Resources

People often ask me "How did you learn how to hack?" The answer: by reading. This page is a collection of the blog posts and other articles that I have accumulated over the years of my journey. Enjoy!

This is a continuation of a previous blog post on Solana fuzzing. They found two bugs in the node software via fuzzing and this post is about triaging the bugs.

The first bug they found was an intricate memory leak. In Solana, the Instruction Meter is used to keep track of the amount of gas a program has left remaining. The meter is only checked at the end of a block, which should be fine. However, the ordering of operations matters here. During a previous security fix, the ordering was changed.

If an out of gas exception occurred at the same time that a unknown symbol error happened, then the latter error was simply overwritten. As a result, the string was left along on the heap without a reference to it. Although Rust provides memory safety, it doesn't guarantee that all memory is cleaned up. By default, this was only seven bytes, which was not a huge deal.
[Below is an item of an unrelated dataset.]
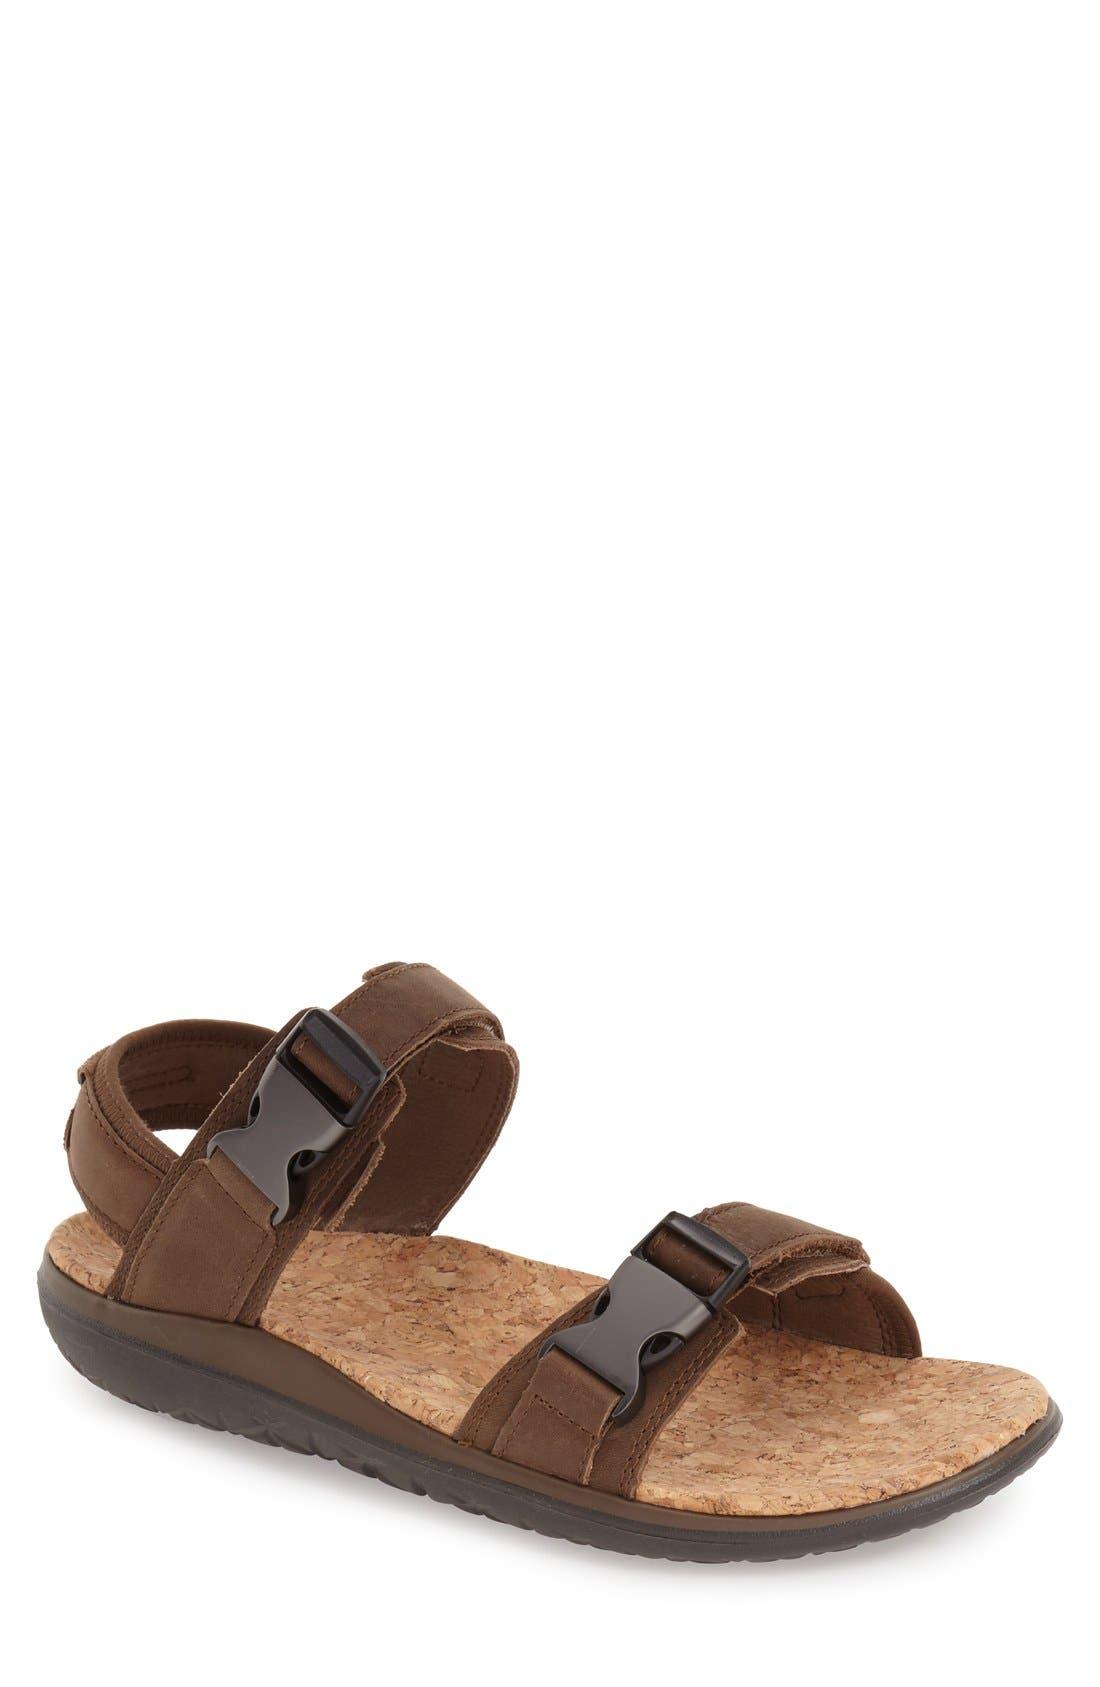 Main Image - Teva 'Terra-Float Universal Lux' Sport Sandal (Men)

The string that gets allocated comes from the loaded ELF file - it's the name of the function. Since this is controllable, providing a very large name. The most we can do is 1M bytes being allocated. Using this in a loop on Solana over and over again will lead to the system being running out of RAM and crashing.
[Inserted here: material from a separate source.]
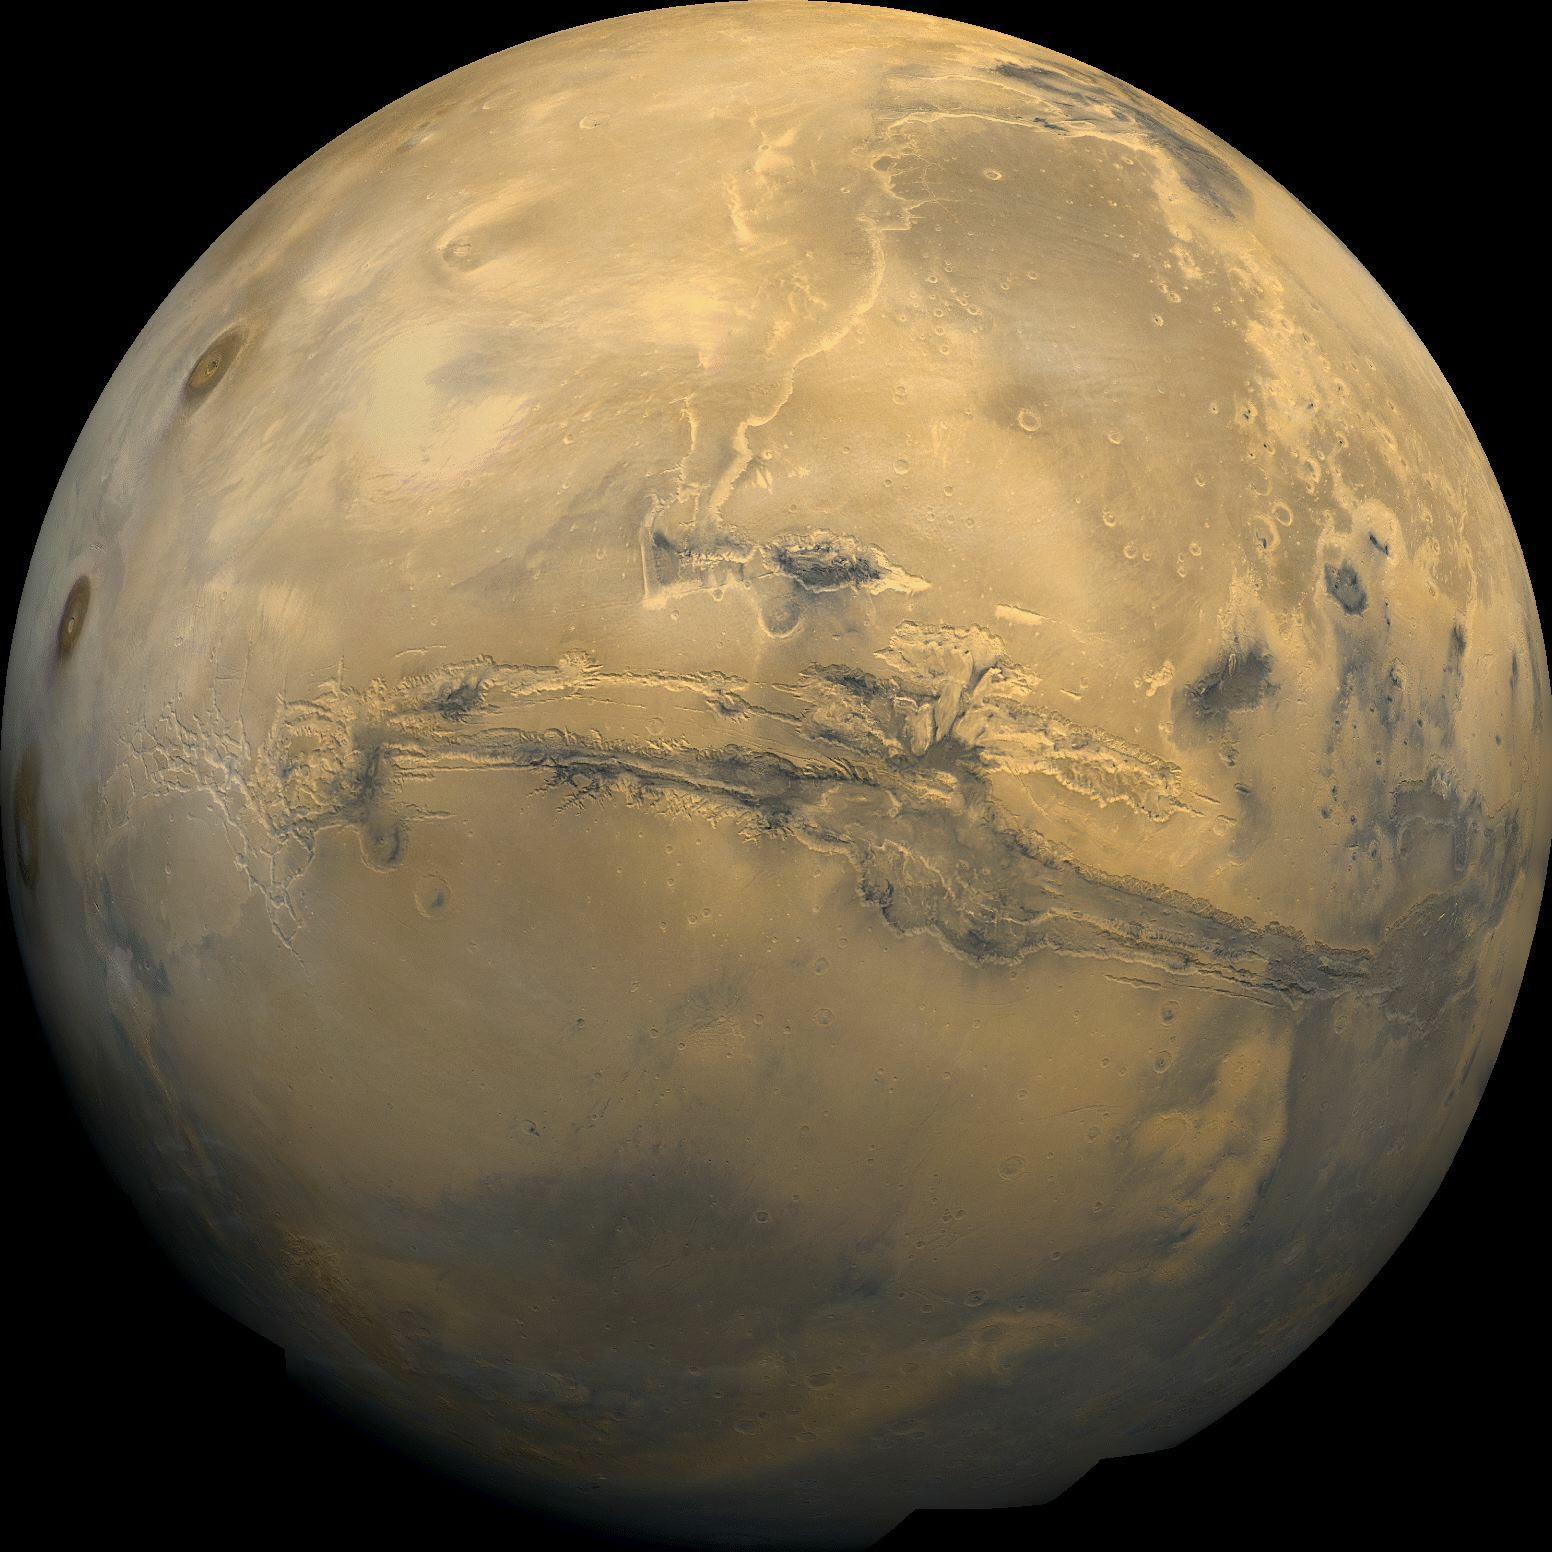 http://upload.wikimedia.org/wikipedia/commons/5/56/Mars_Valles_Marineris.jpeg
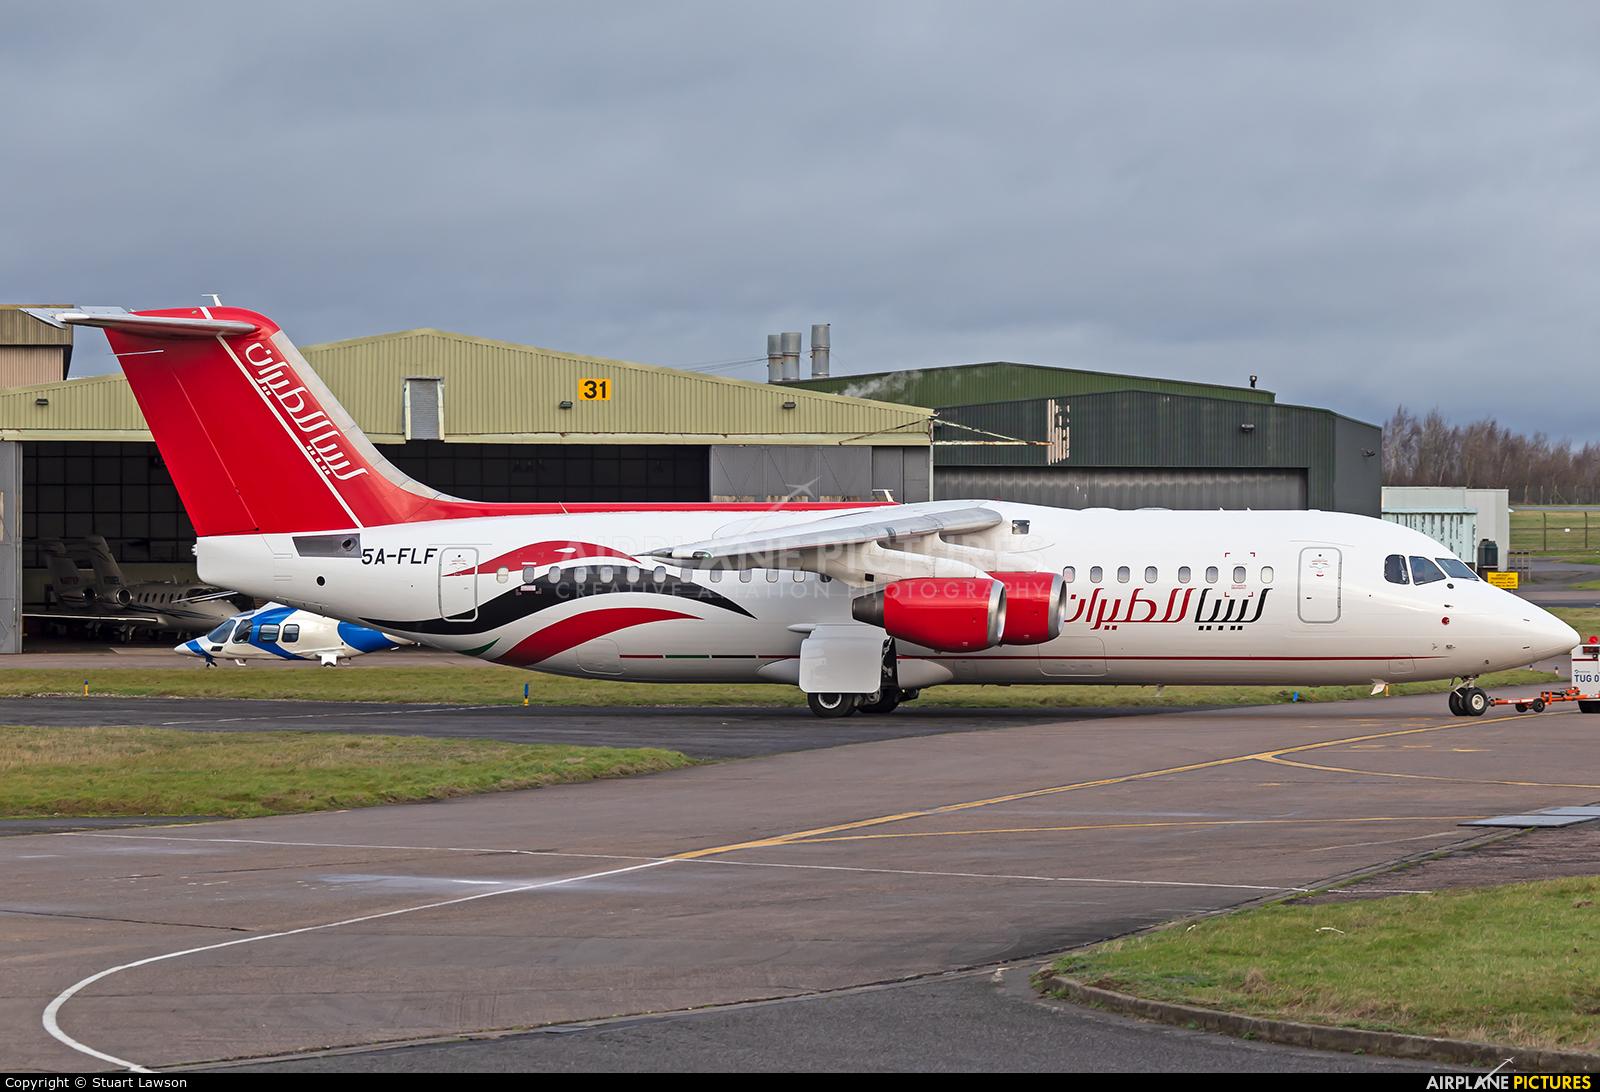 Air Libya 5A-FLF aircraft at East Midlands

The second bug was easy to trigger but hard to diagnose. The JIT terminated with Ok(0) but the interpreter returned with an access violation error. Juicy! Looks like there's an out-of-bounds write in the JIT somewhere.
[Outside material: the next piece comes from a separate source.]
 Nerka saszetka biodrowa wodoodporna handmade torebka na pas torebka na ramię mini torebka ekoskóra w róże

The violation was at 0x100000000 specifically. This memory address stores some read-only data present in the ELF provided. In order to find the bug, they used GDB to see when and why this was being written to. The program has access and bounds checks in it. Why is this failing?

The instruction was being executed was cmp DWORD PTR [rax+0x19], 0x0. This is surprising because it's not an 8-bit operand!? Why!? The x86 instruction uses the opcode 0x81 but only for 16, 32, and 64-bit register operands. If you want to compare the 8-bit version, you must use the 0x80 opcode instead. This leads to the CPU performing an incorrect comparison and using unintended values around it. Neat!

By breaking the comparison for the write using an 8-bit value, we can write a single byte to the read-only memory section. At first, the author thought this could be used to compromise the execution of a program. However, this only allows for modifying your own program and not others. Instead of the 1M they were hoping for, they got 100K for this bug (and the last one).

Overall, it is a fantastic series! I enjoyed the Oracle approach to finding bugs that weren't the typical "fuzzier crashed" situation. Both bugs were relatively complicated and deep, yet not too many lines of code. Good strategy!